- **Data below**

^^^^

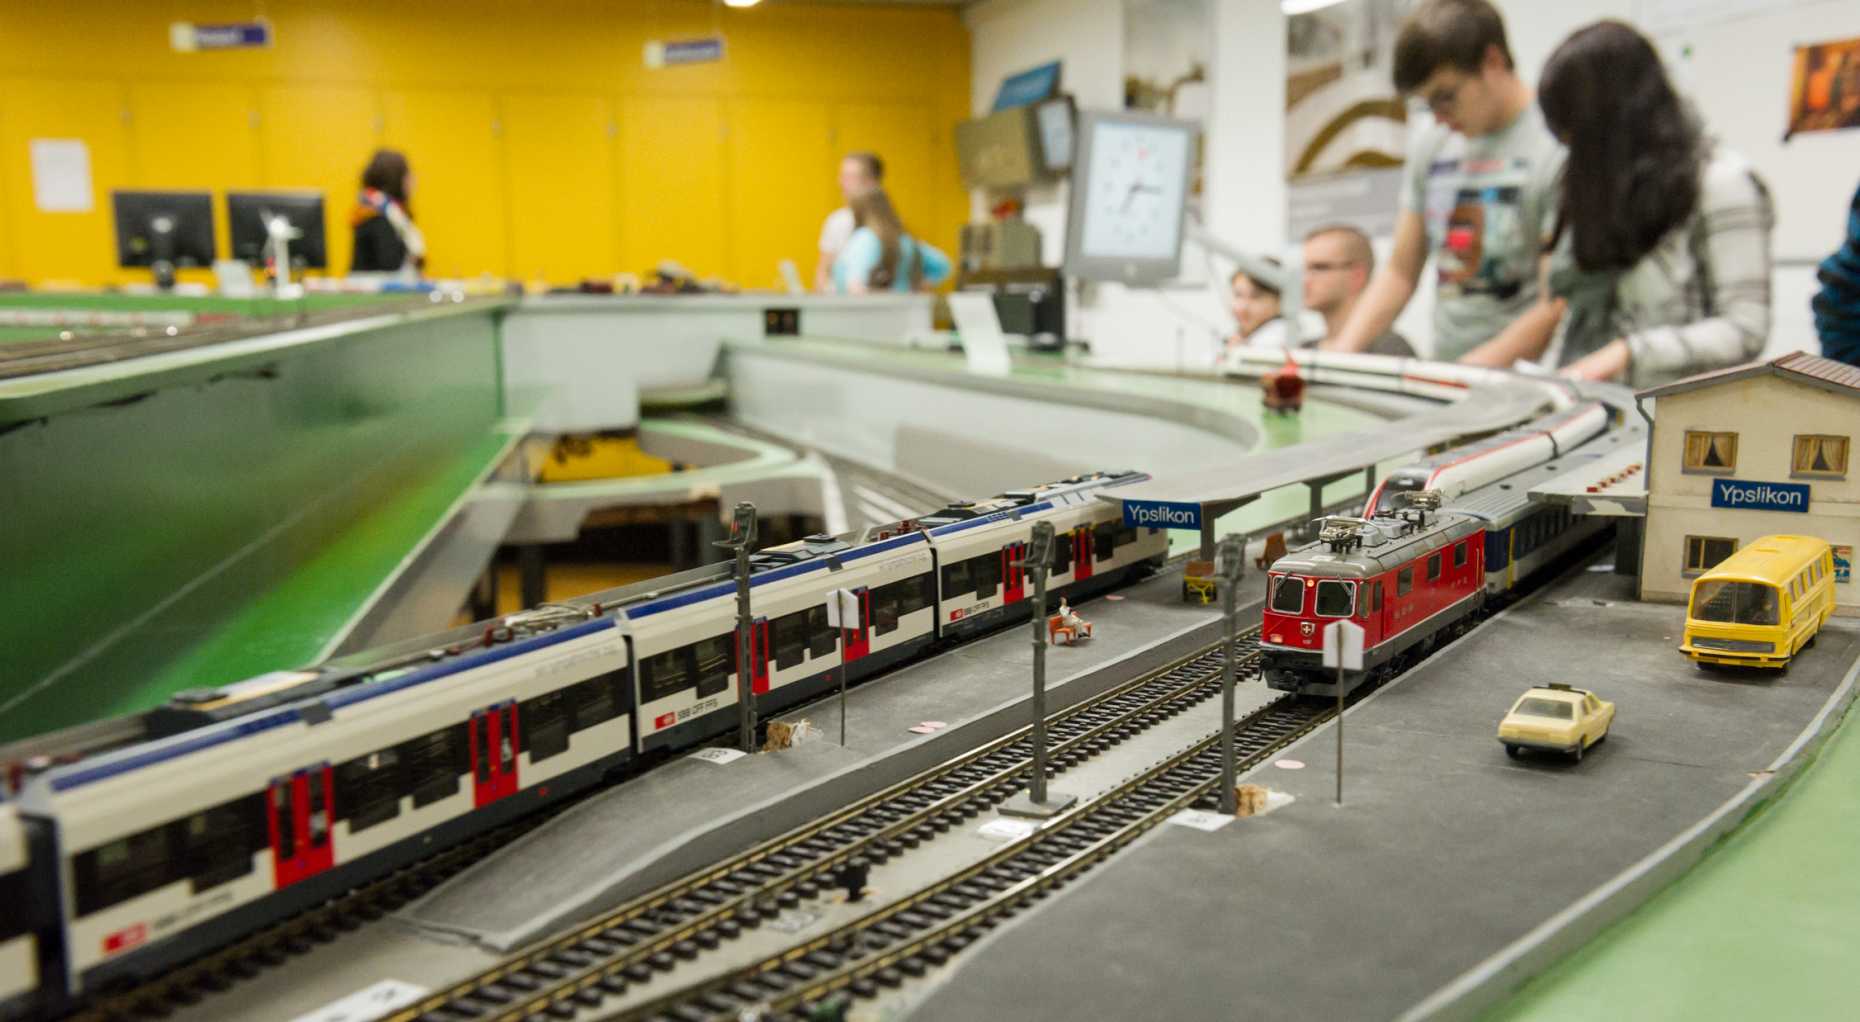 Enlarged view: Railway operations laboratory at ETH Zurich
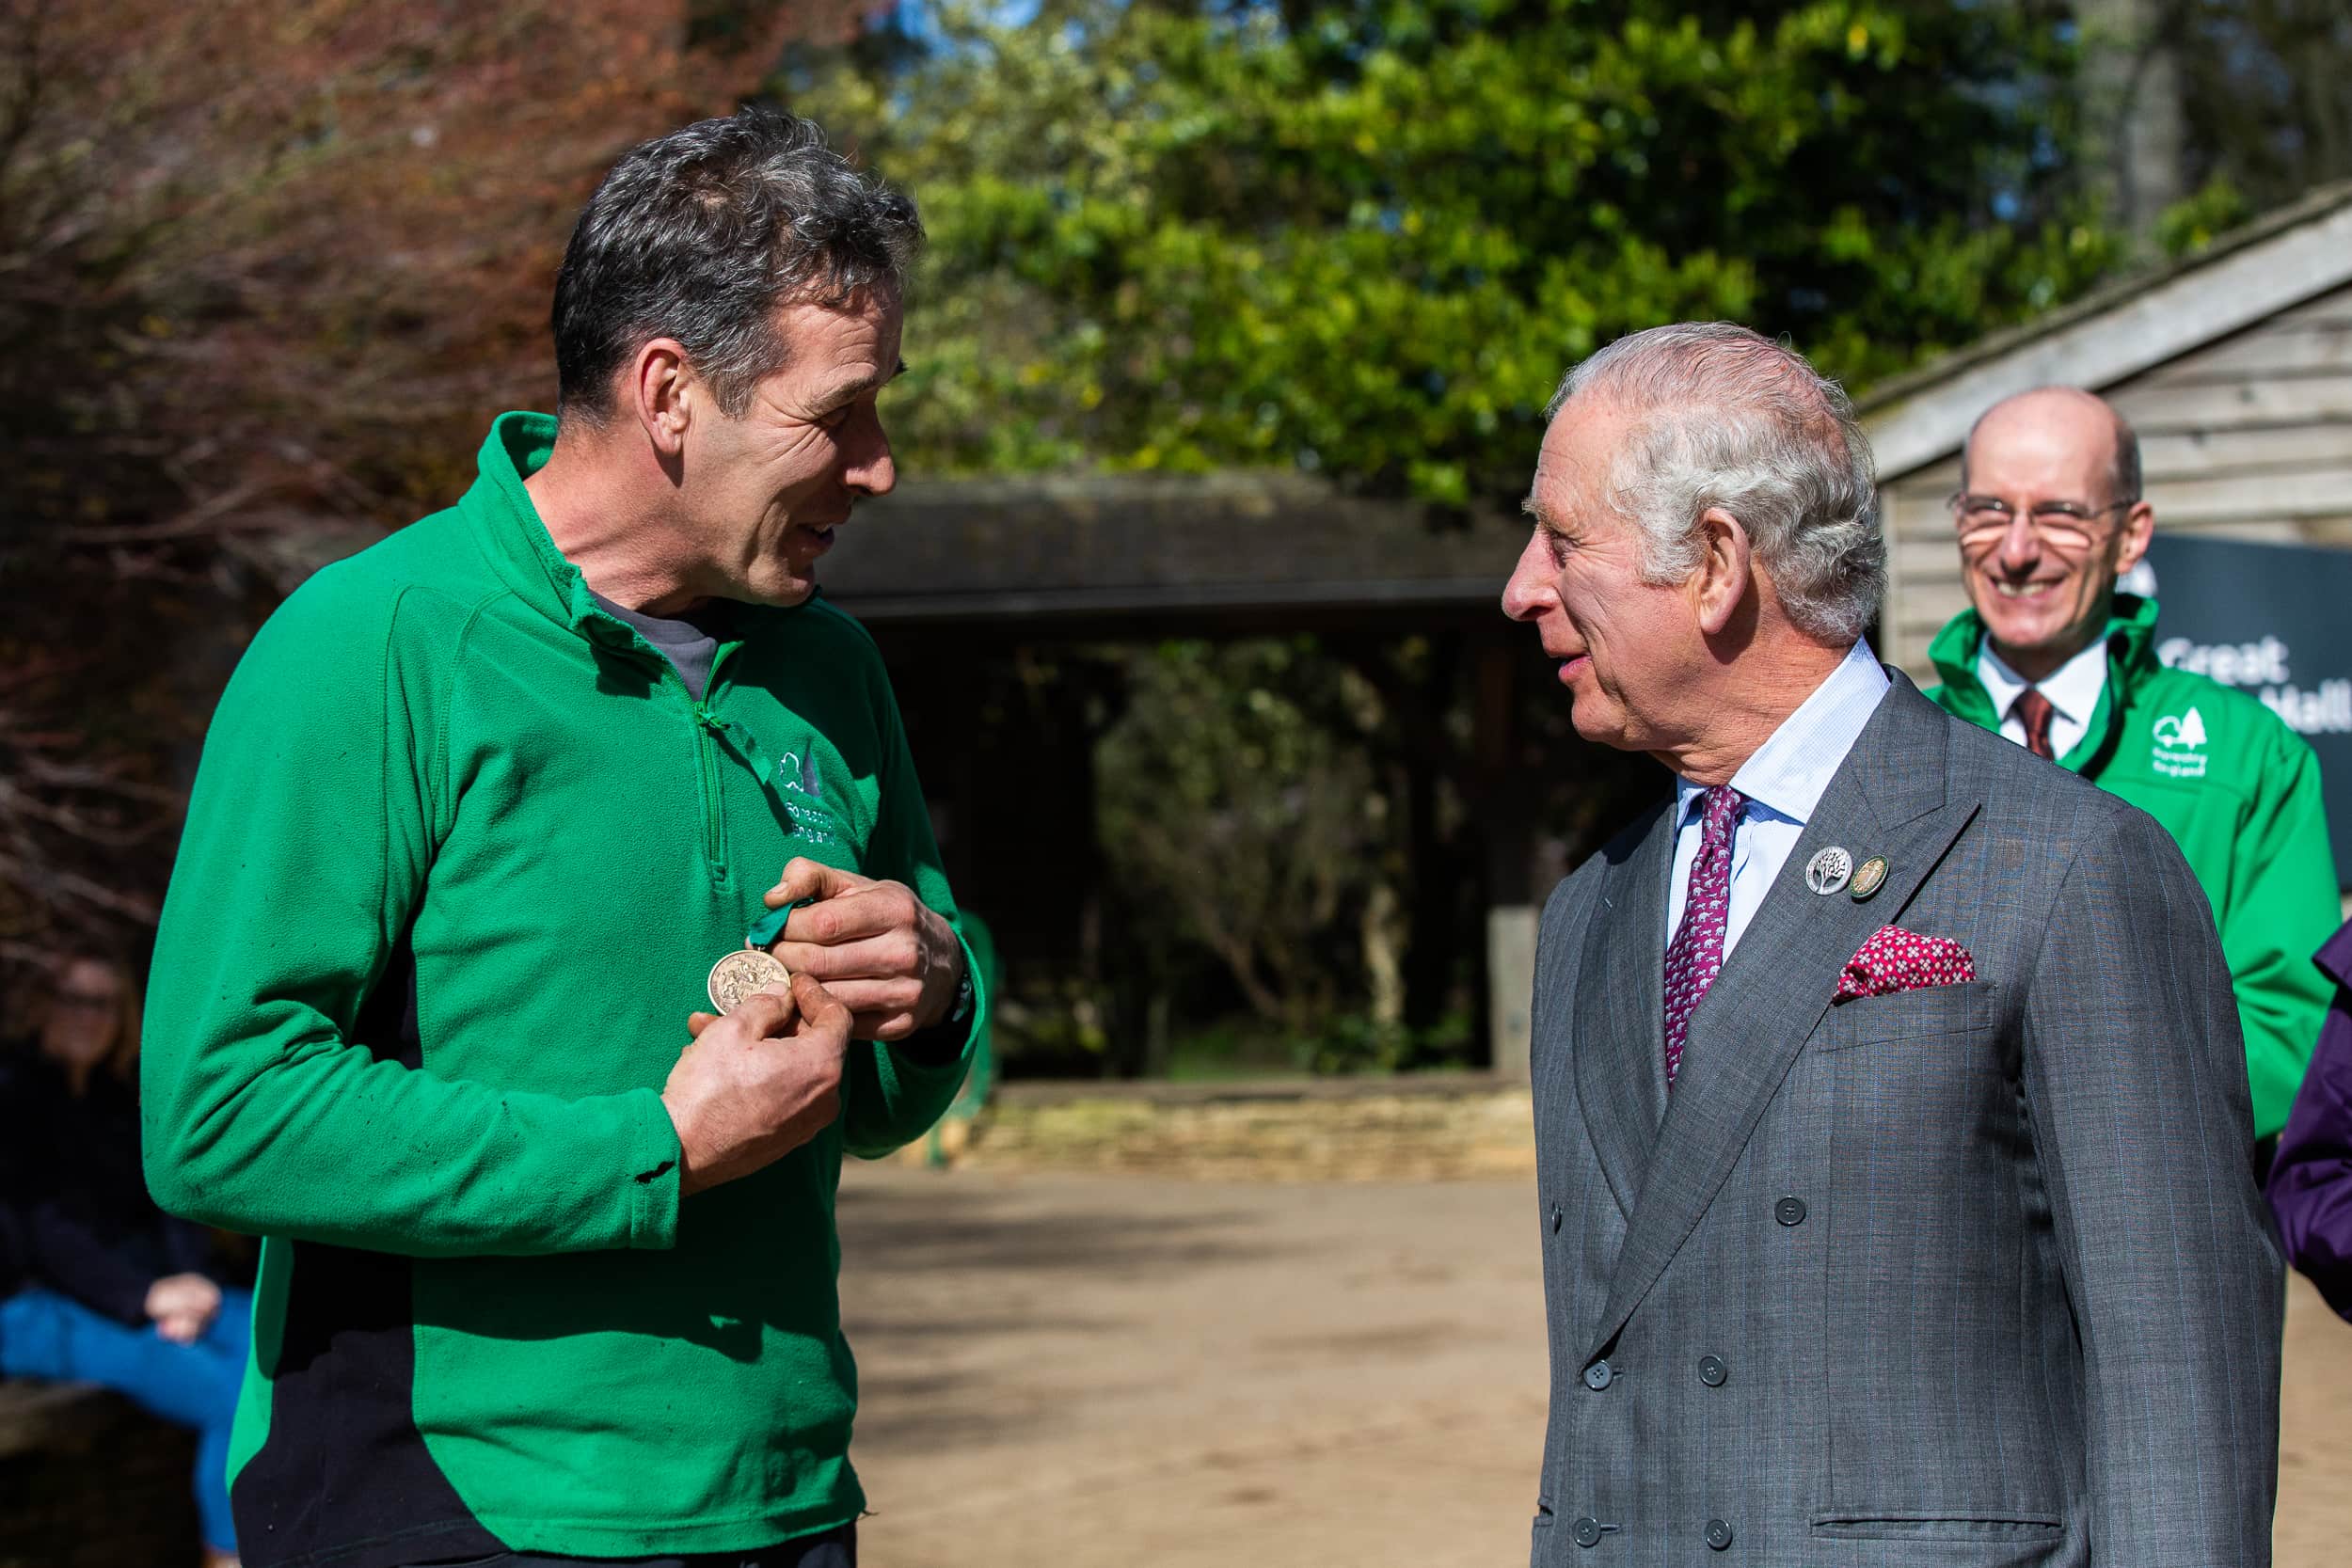 Richard Townsend receives his RFS Long Service Award from the Prince of Wales. Picture Credit: Johnny Hathaway
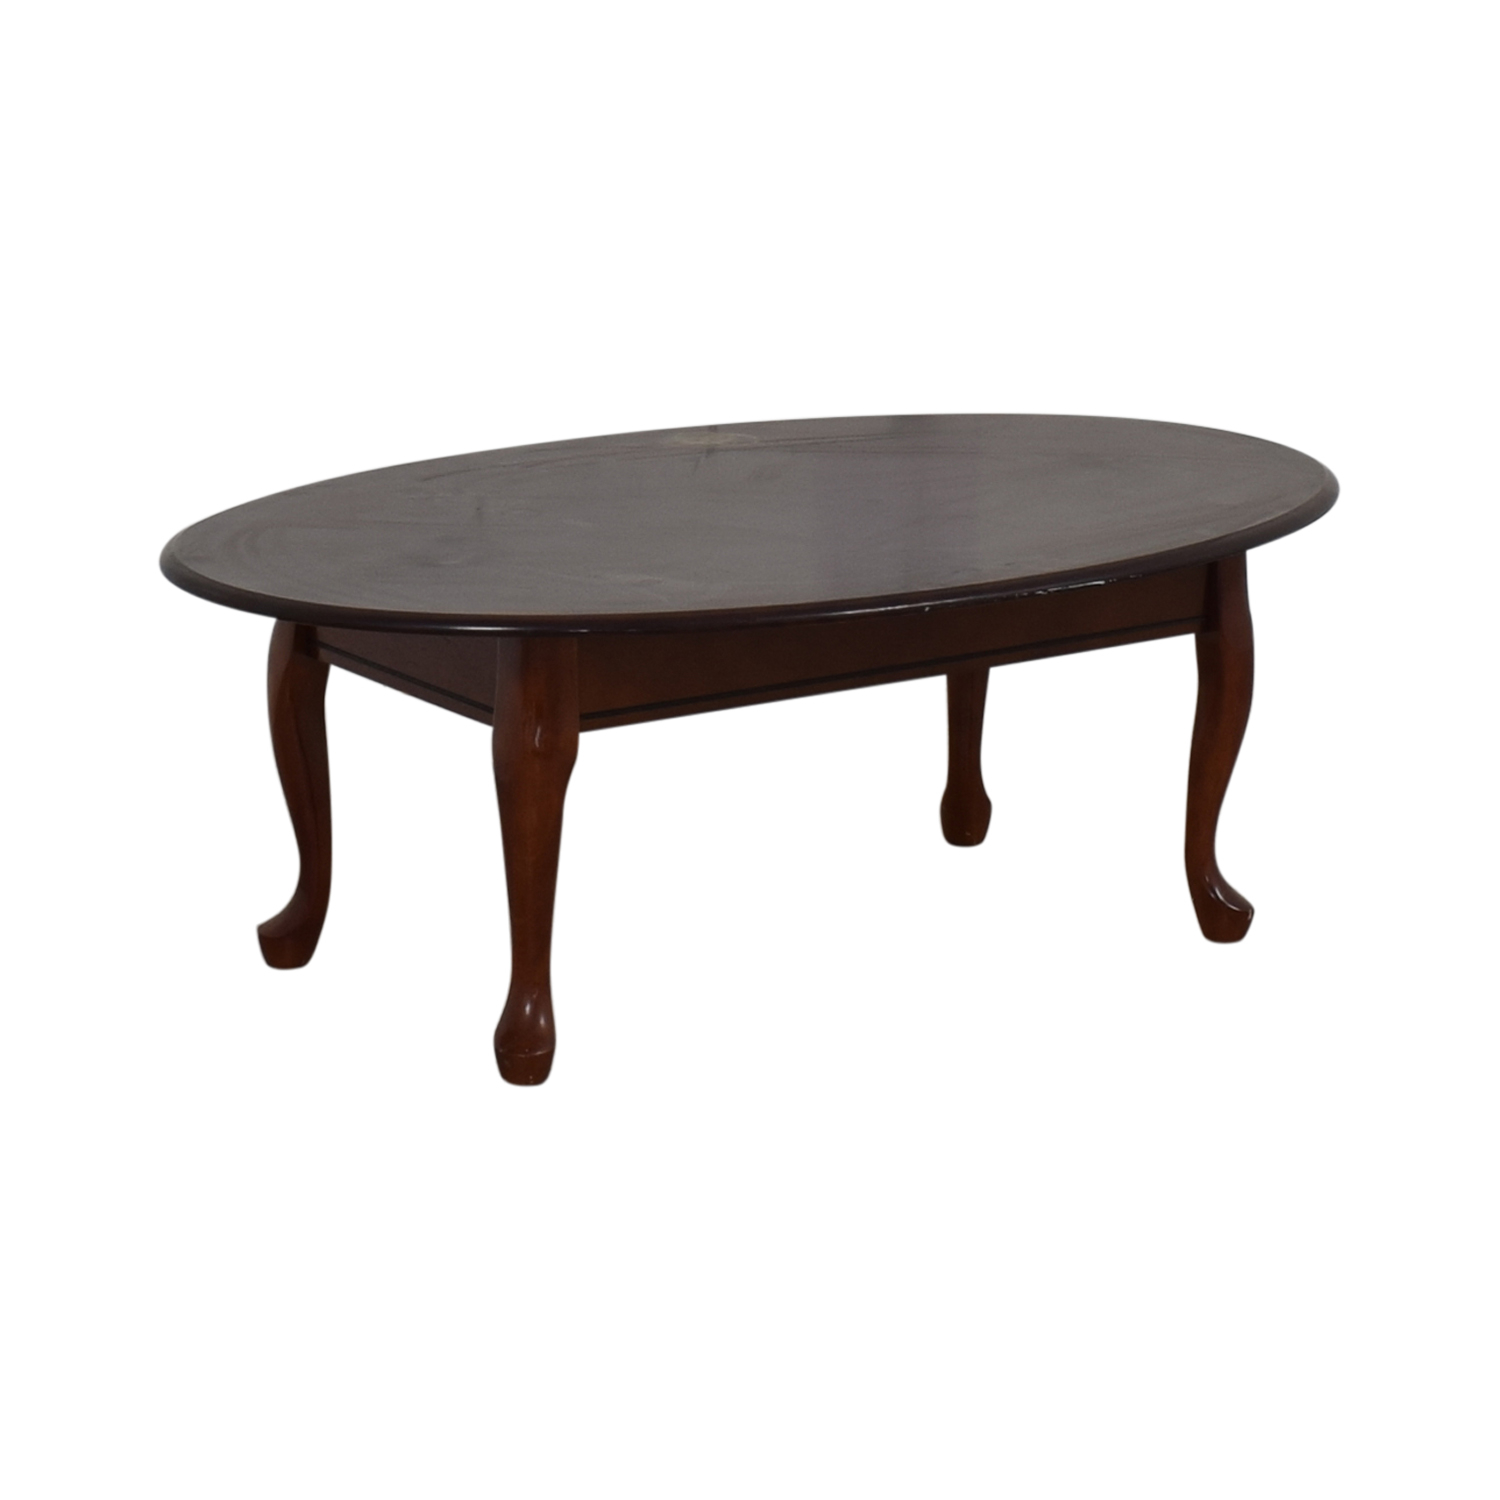 90 Off Cort Cherry Wood Coffee Table Tables intended for size 1500 X 1500
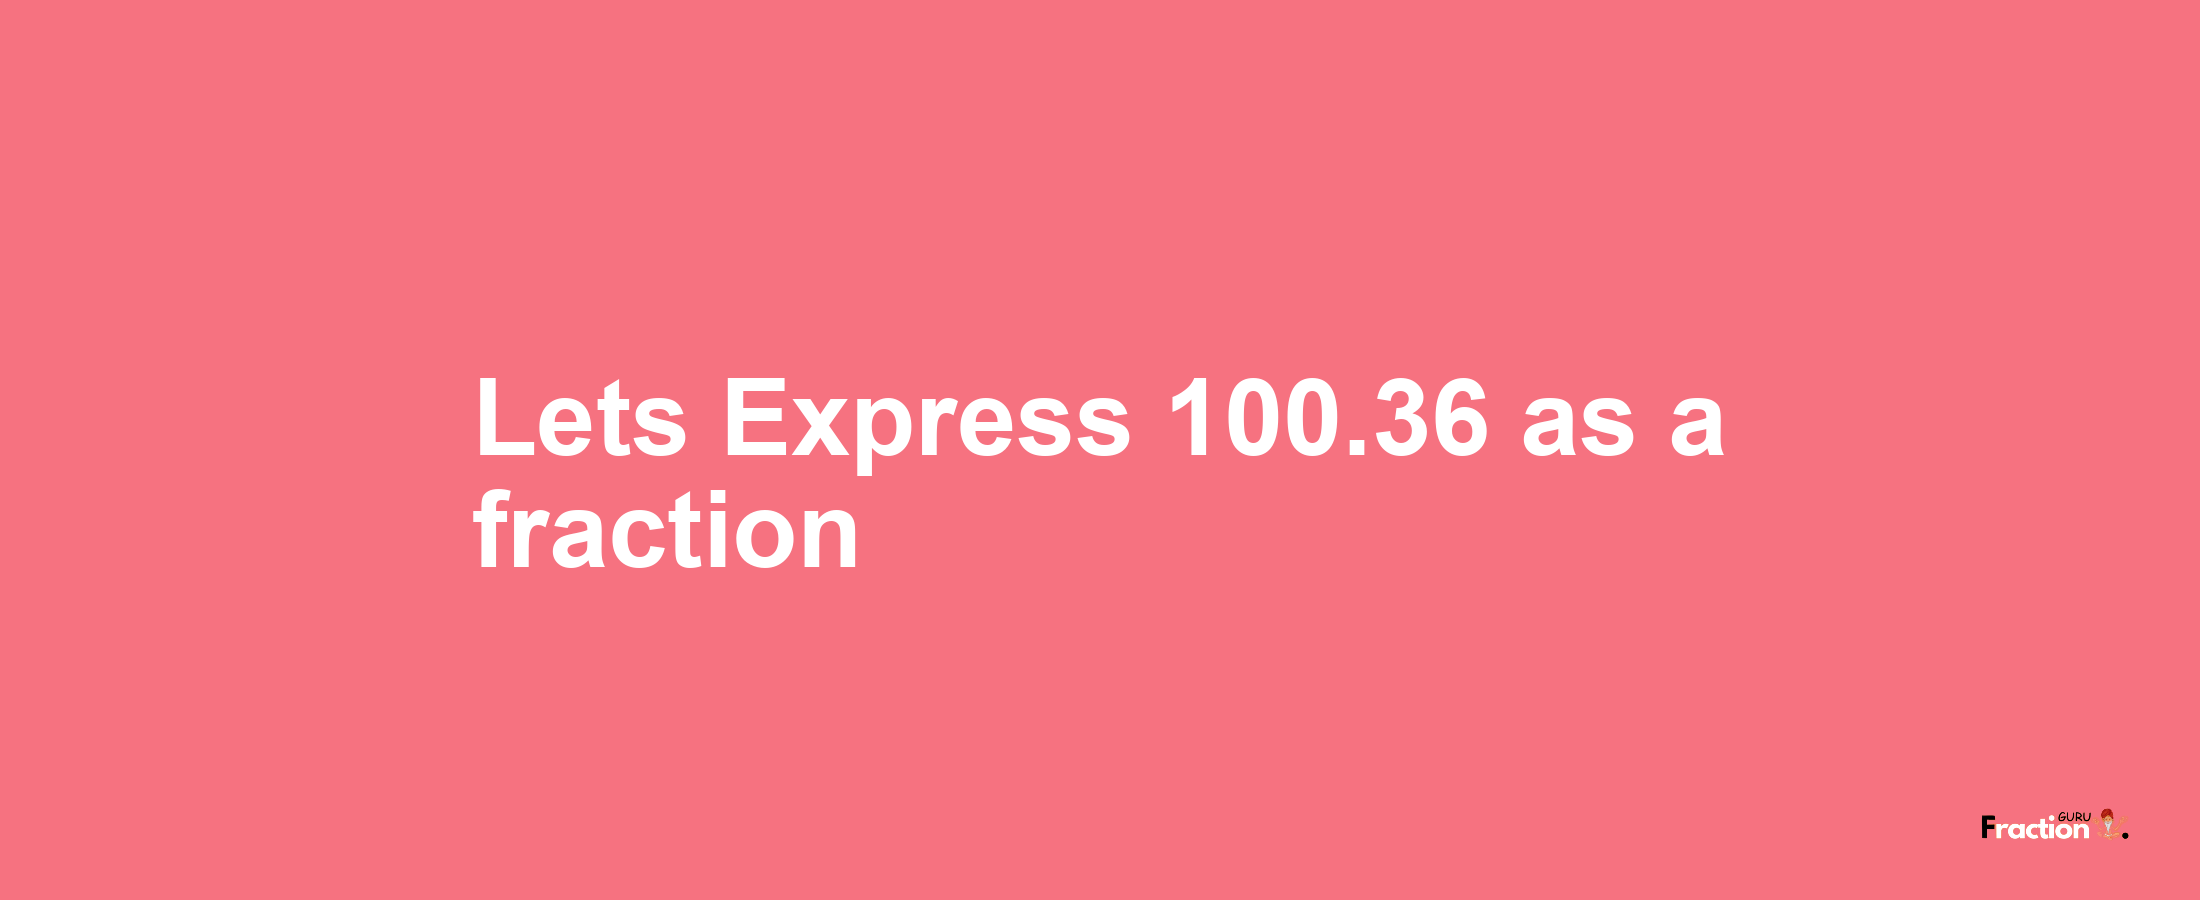 Lets Express 100.36 as afraction

^^^^

- **Assigned task**
Give back an exact copy of the material above, omitting the pictures.

- **Exercise response**
 Enlarged view: Railway operations laboratory at ETH Zurich
 Richard Townsend receives his RFS Long Service Award from the Prince of Wales. Picture Credit: Johnny Hathaway
 90 Off Cort Cherry Wood Coffee Table Tables intended for size 1500 X 1500
 Lets Express 100.36 as afraction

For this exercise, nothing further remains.